_Task item_:
Beginning with the line that holds "brainstorm-mercury-saturn-astrology-aspects", copy every remaining line of the listing below exactly, and leave the pictures out.

_Data extract_:
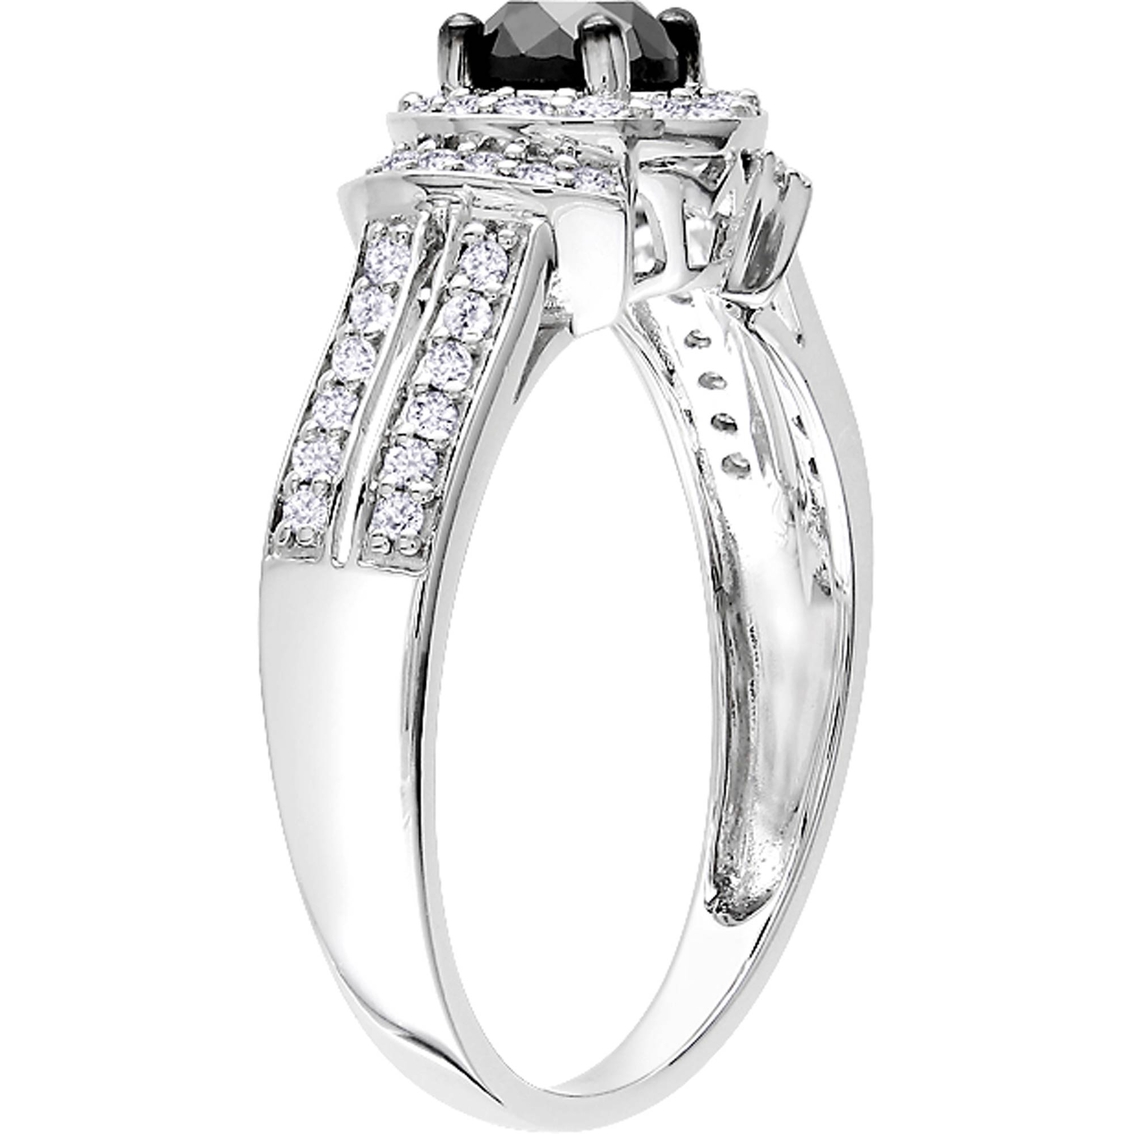 Diamore 14K White Gold 1 CTW Black and White Diamond Halo Engagement Ring - Image 2 of 2
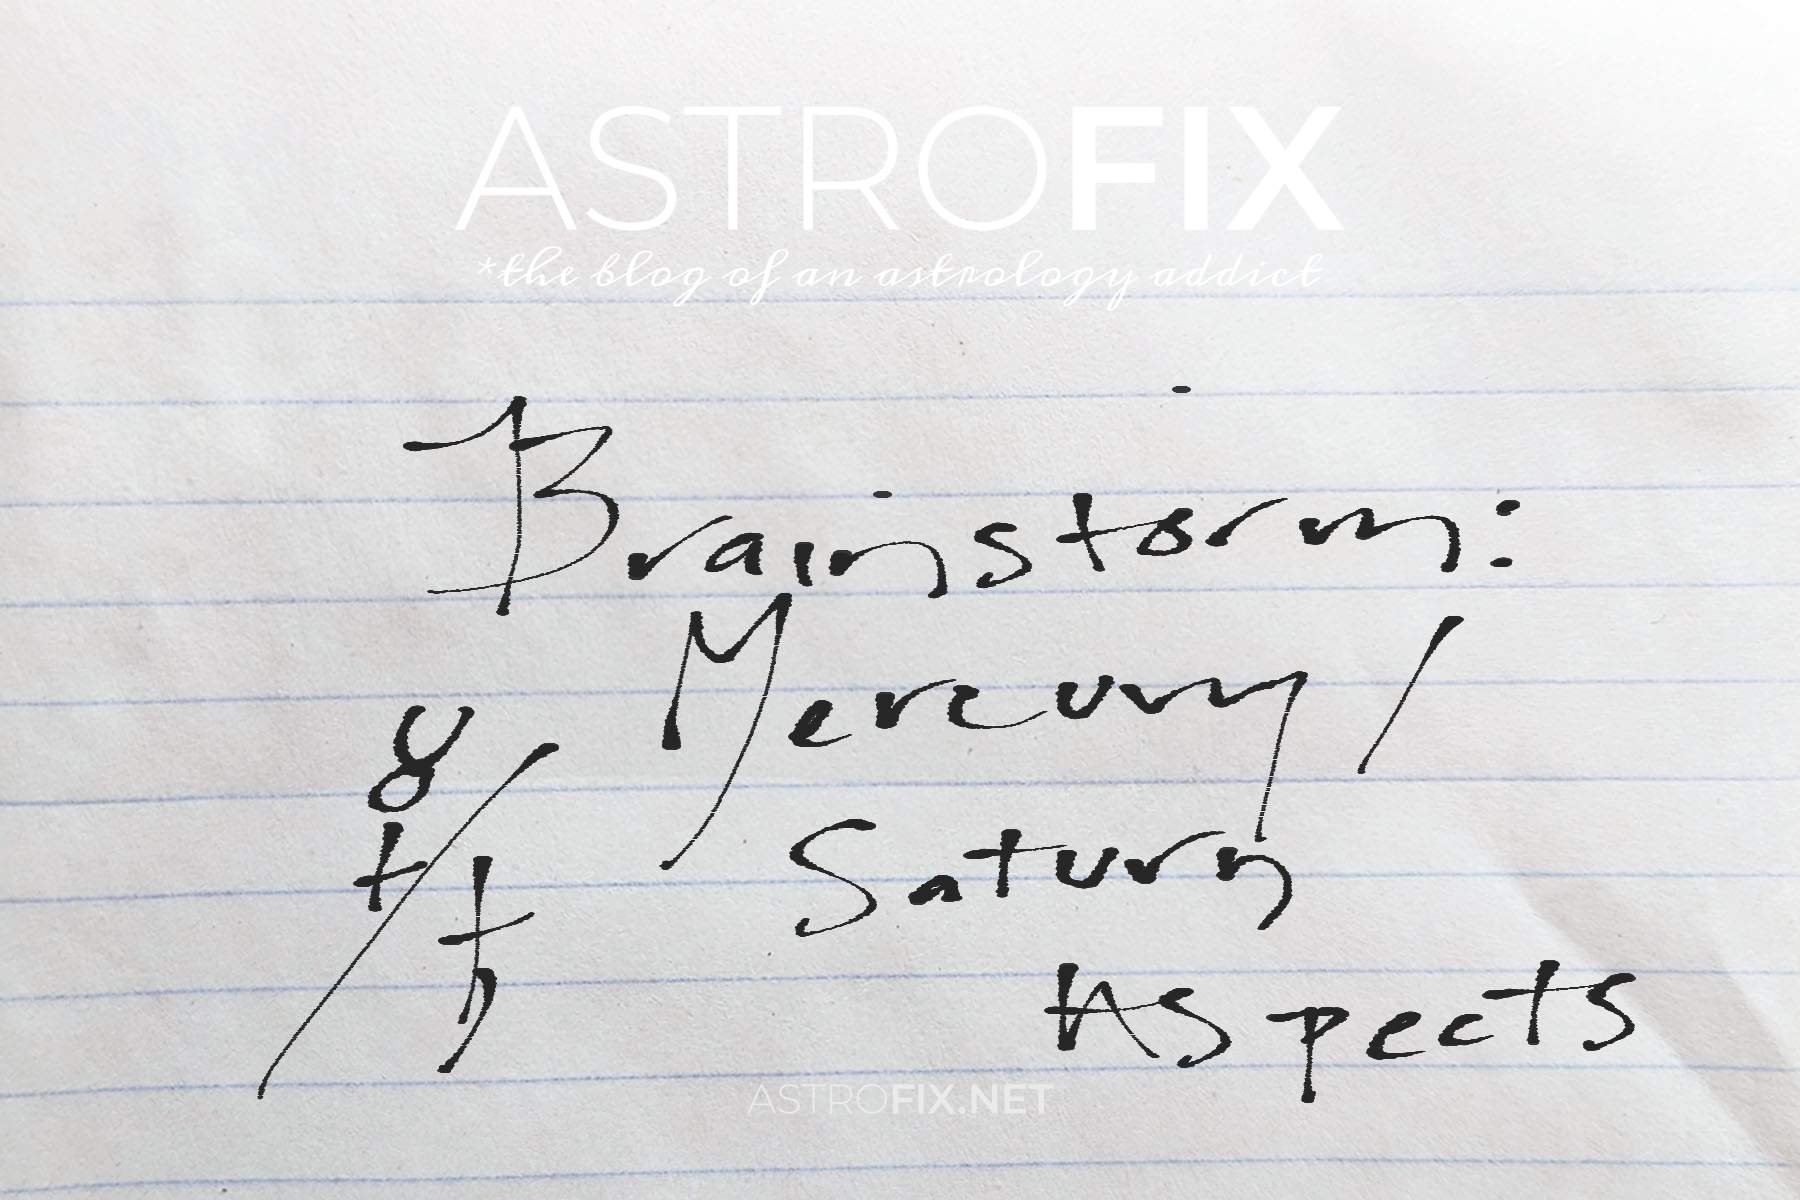 brainstorm-mercury-saturn-astrology-aspects
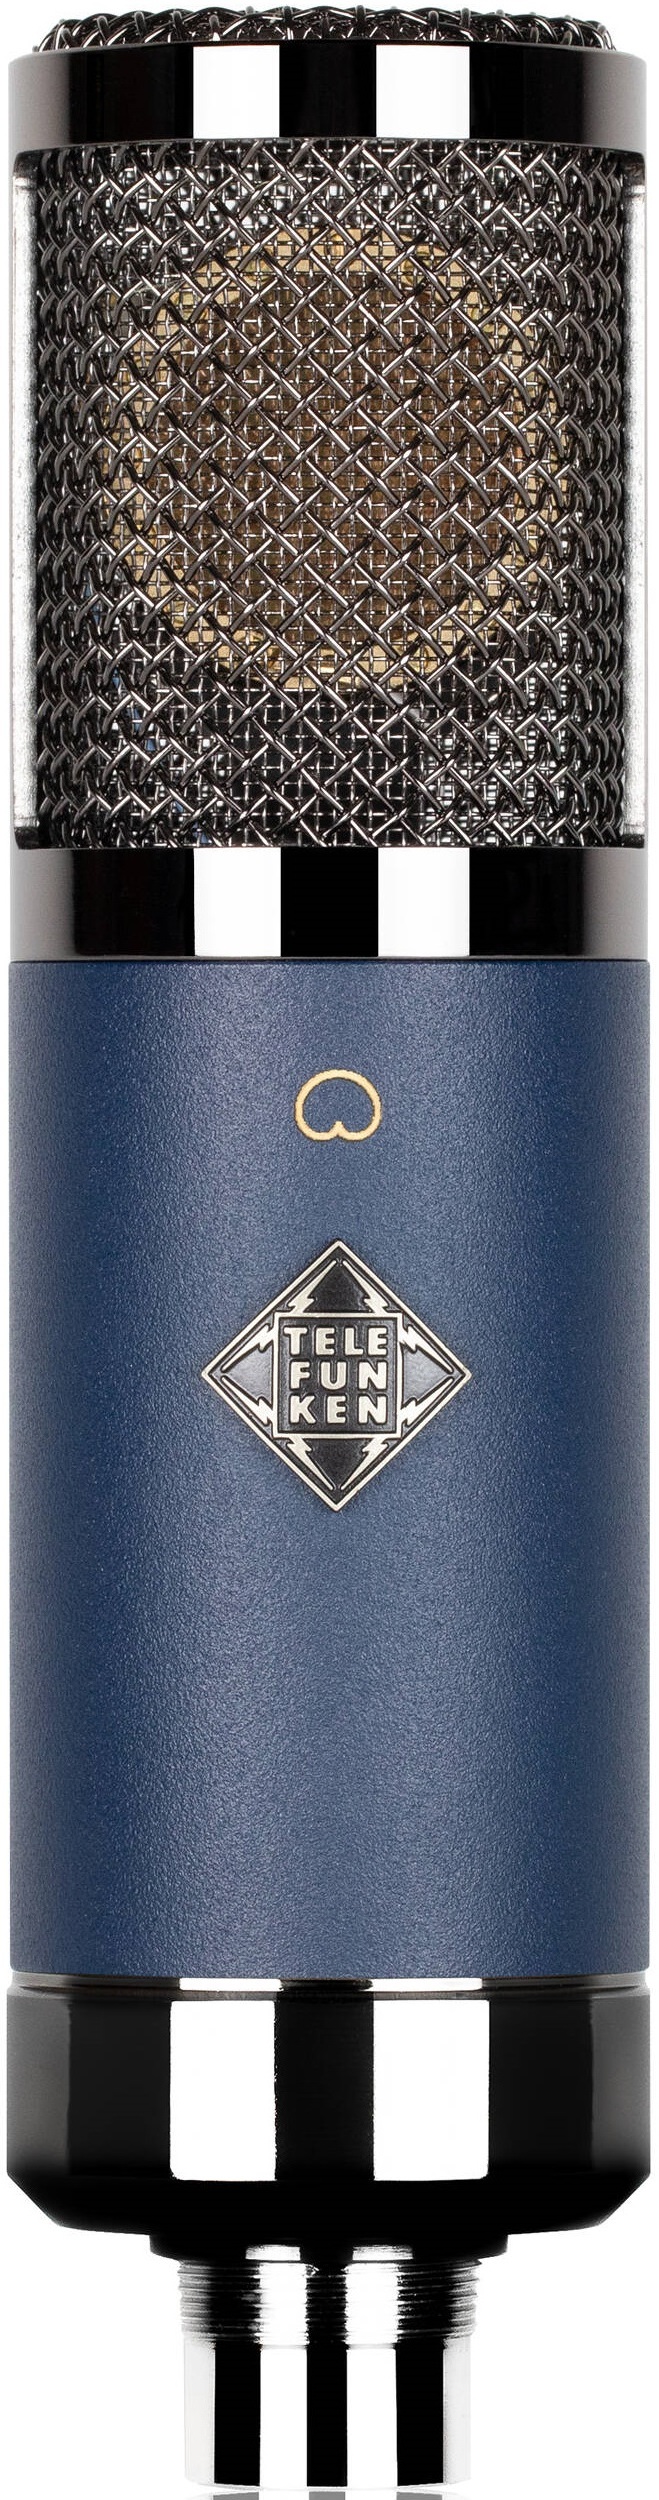 Telefunken Tf11 Fet - Micro Statique Large Membrane - Main picture

_Exercise result_:
 brainstorm-mercury-saturn-astrology-aspects
 Telefunken Tf11 Fet - Micro Statique Large Membrane - Main picture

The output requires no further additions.